Back labor is excruciating. It is to be avoided, if possible. The back labor I am referring to is the pain of labor felt more in the lower back than in the belly of the mother, and is caused by a baby coming down the birth canal face up.
First a bit of terminology. “Anterior” means toward the front, specifically the front of the mother. “Posterior” means toward the back. The “occiput” is the back of the head. In obstetrics we describe a baby’s position during labor as Occiput Anterior (OA) or Occiput Posterior (OP). Most mothers have OA babies, which are easier to deliver.
In the picture you can see the mother’s bones are colored orange. The baby proceeding down and out in an occiput anterior position more naturally conforms to the passage. The unfortunate baby in the occiput posterior position has to squeeze the protruding occiput past the inward point of his mother’s spine. This puts immense pressure on her bones, causing pain.
Usually the baby spins around before emerging. Rarely, babies do not spin and are born looking in the same direction as their mother. This is especially unusual in a first time mother. Sometimes, if a baby does not spin, it simply does not emerge, and a Cesarean section is required.
What can a mother do to prevent the occiput posterior presentation? Sometimes nothing. Sometimes this happens because of the mismatch of baby’s head shape to mother’s pelvis shape. Sometimes the spinning capacity of the baby is limited by its umbilical cord. But there are two actions I advise my mothers to prevent some cases.
First, lean forward in your daily activities. We women are descended from generations of women who successfully gave birth vaginally and who spent their days bending over repeatedly to tend the hearth, wash the clothes in the river, churn the butter, plant the rice, etc. Only with the advent of modern technology did women begin to spend most of their day leaning back. Now women lean back when they watch tv, drive their cars, or work at their desks. Gravity pulls on the body of the baby, swinging it forward if mother is leaning forward, or backward if she is leaning back. So remember your grandmother, and lean forward. You can also do hands and knees cat arches several times a day, to pull baby up out of the pelvis where gravity can do the work of swinging baby’s back forward.
A second action a woman can take to deal with an OP presentation, is to ask that her healthcare provider not break her water. Having an intact amniotic sack helps lubricate and cushion baby’s head to encourage it to rotate. “Let’s break your water to get things moving,” sounds so innocent, even helpful, but with an OP presentation, this could be a mistake.

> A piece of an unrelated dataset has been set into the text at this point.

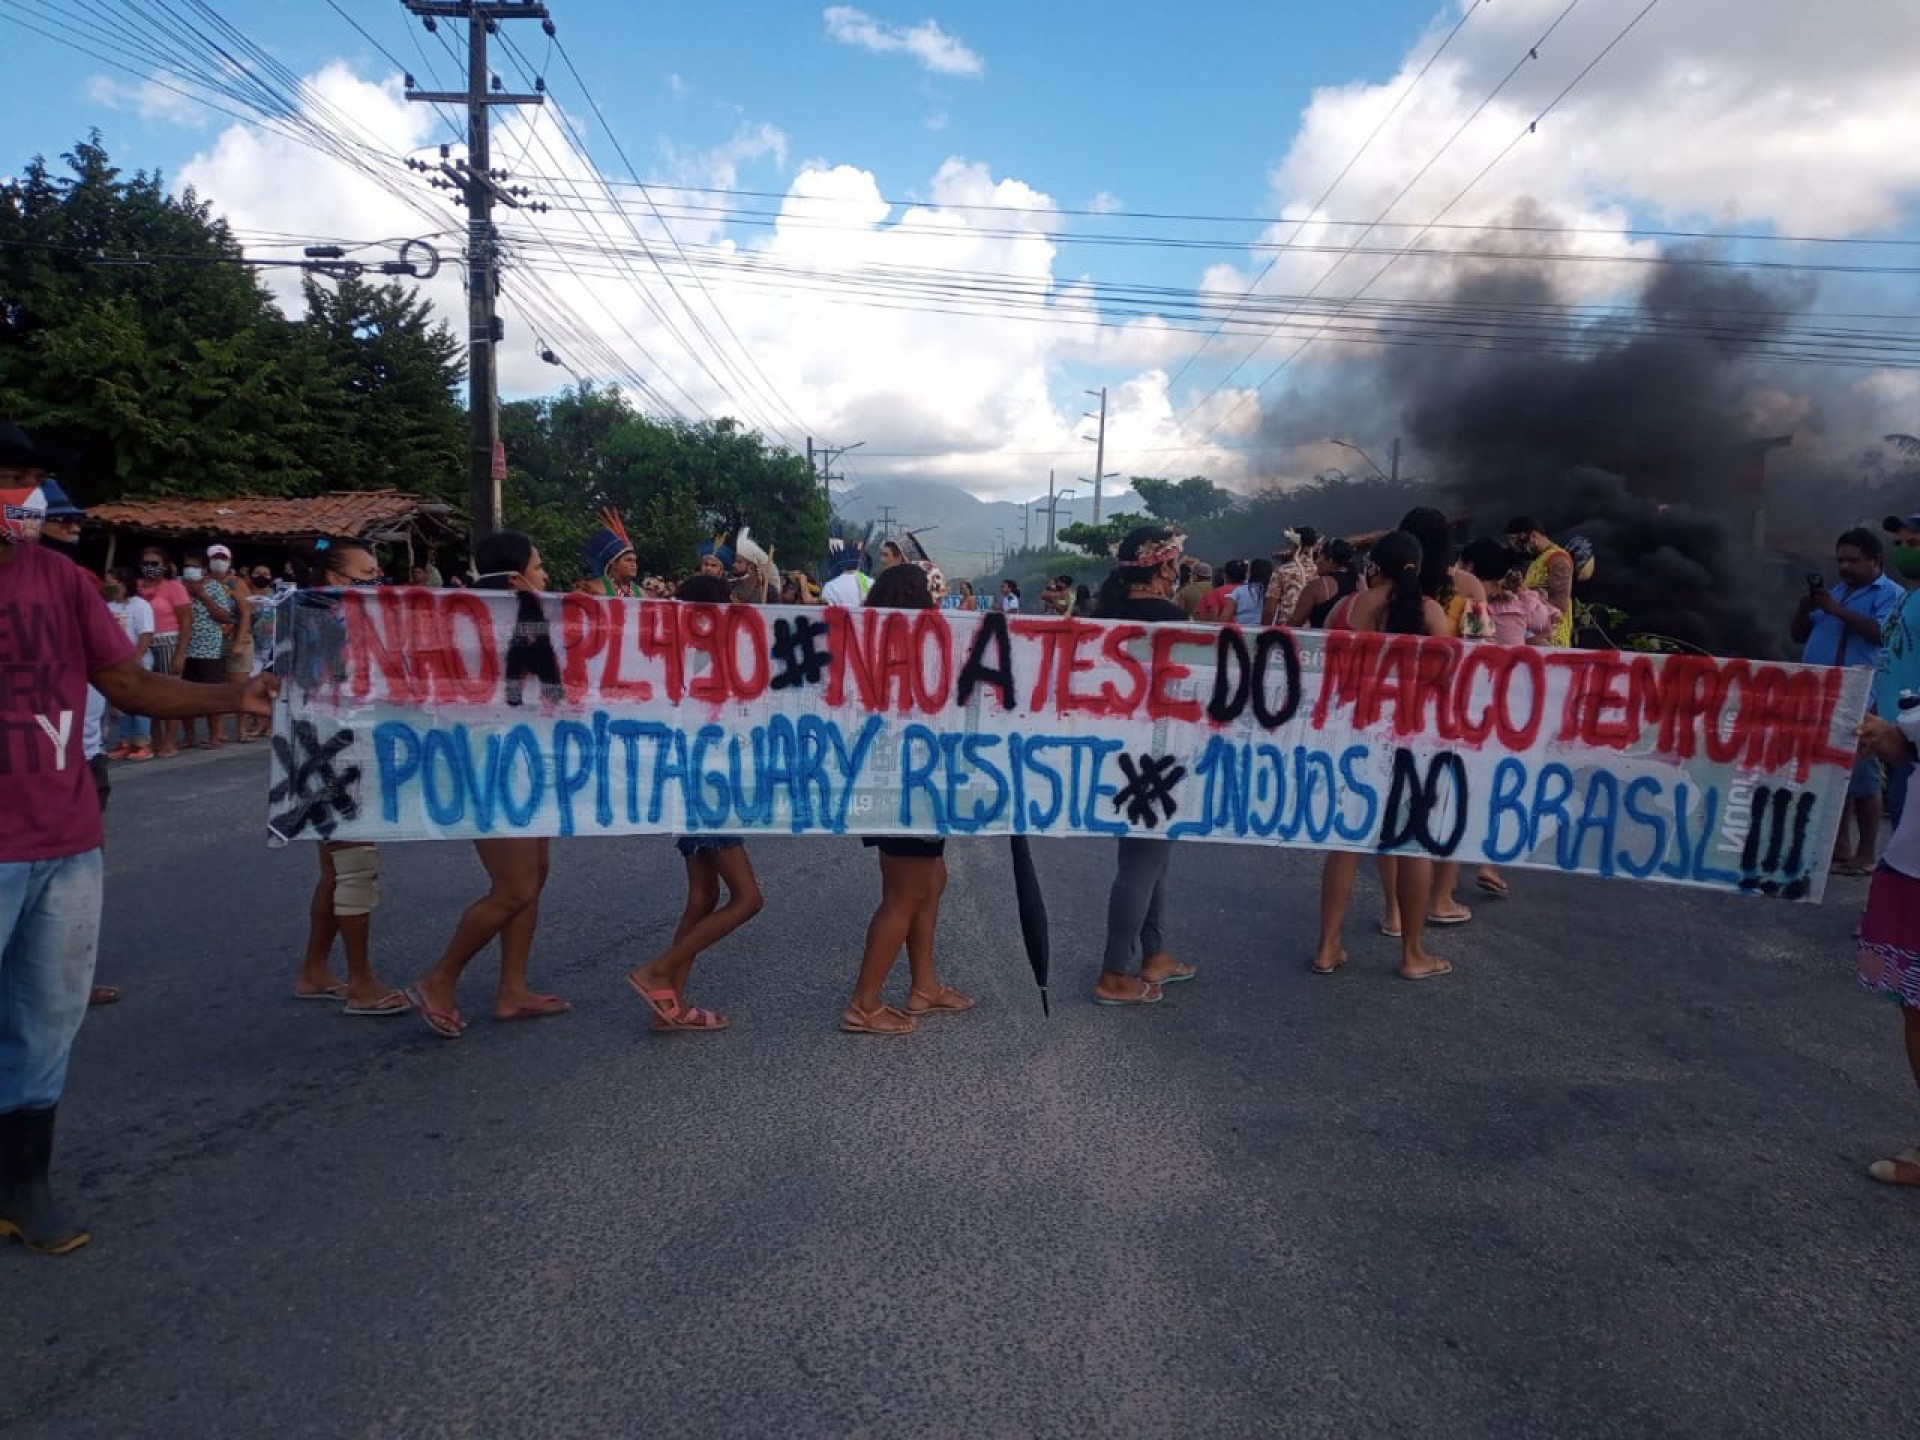 Povo Pitaguary protesta contra PL 490 e tese do marco temporal  (Foto: Divulgação/Oprince)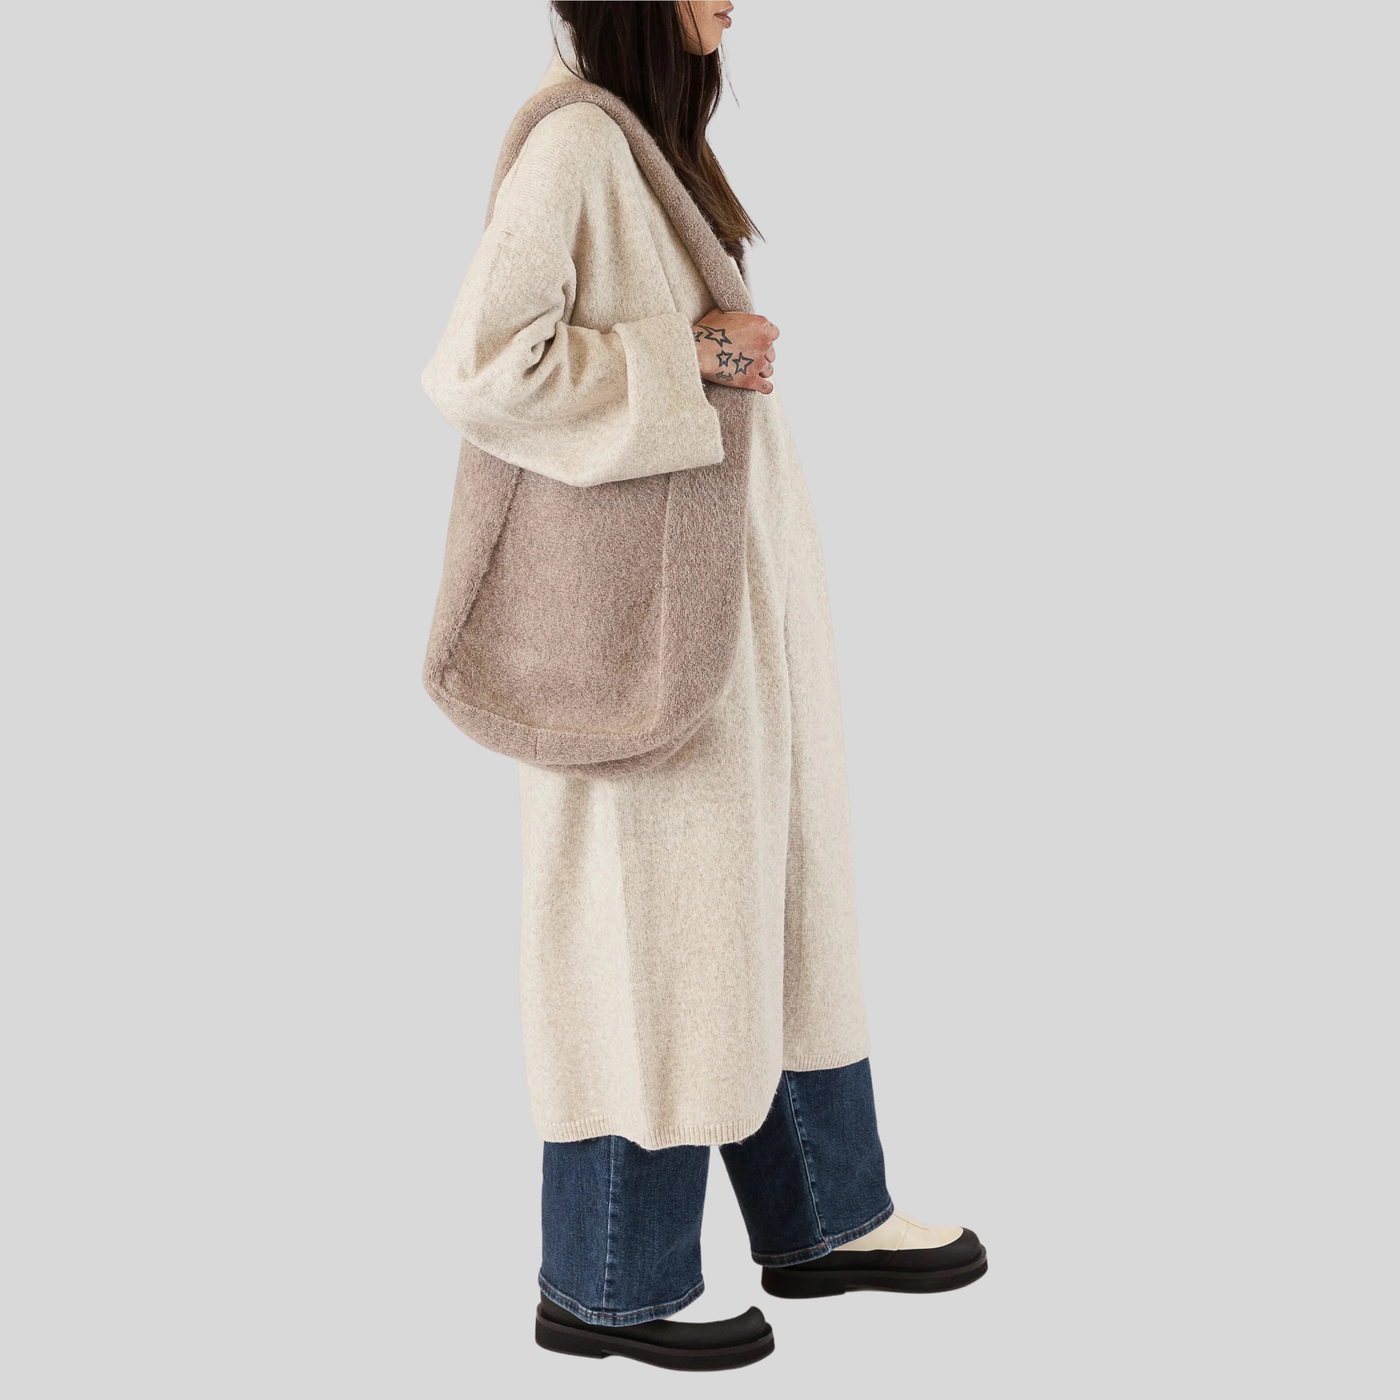 Gotstyle Fashion - Lyla & Luxe Bags Knit Tote Bag - Tan

Penny Simkin and Ruth Ancheta, two doulas, wrote a wonderful book in 1994 and revised several times since called, The Labor Progress Handbook. This has been used by doulas, midwives and a few wise physicians in the years since for its natural ideas for the management of OP babies. In their book, the use of movement and positioning, massage, and equipment such as birthing balls are described to encourage babies to turn and descend. Methods for dealing with the pain of an OP presentation are also described, including pressure on the tops of the hipbones, pressure on the tailbone, TENS (electrical stimulation), and the administration of sterile water papules. The purpose of these methods is to avoid an epidural, which then places the woman in bed for the duration, eliminating the possibility of doing all the aforementioned maneuvers to spin the baby.
With a determined mother, a committed team, and experts in the Simkin/Ancheta techniques, OP babies can be born vaginally and healthy more often than they are. Obstetric residency programs do not routinely teach the moves, the positions, and the massage, use of sterile water papules and TENS for labor. This is unfortunate.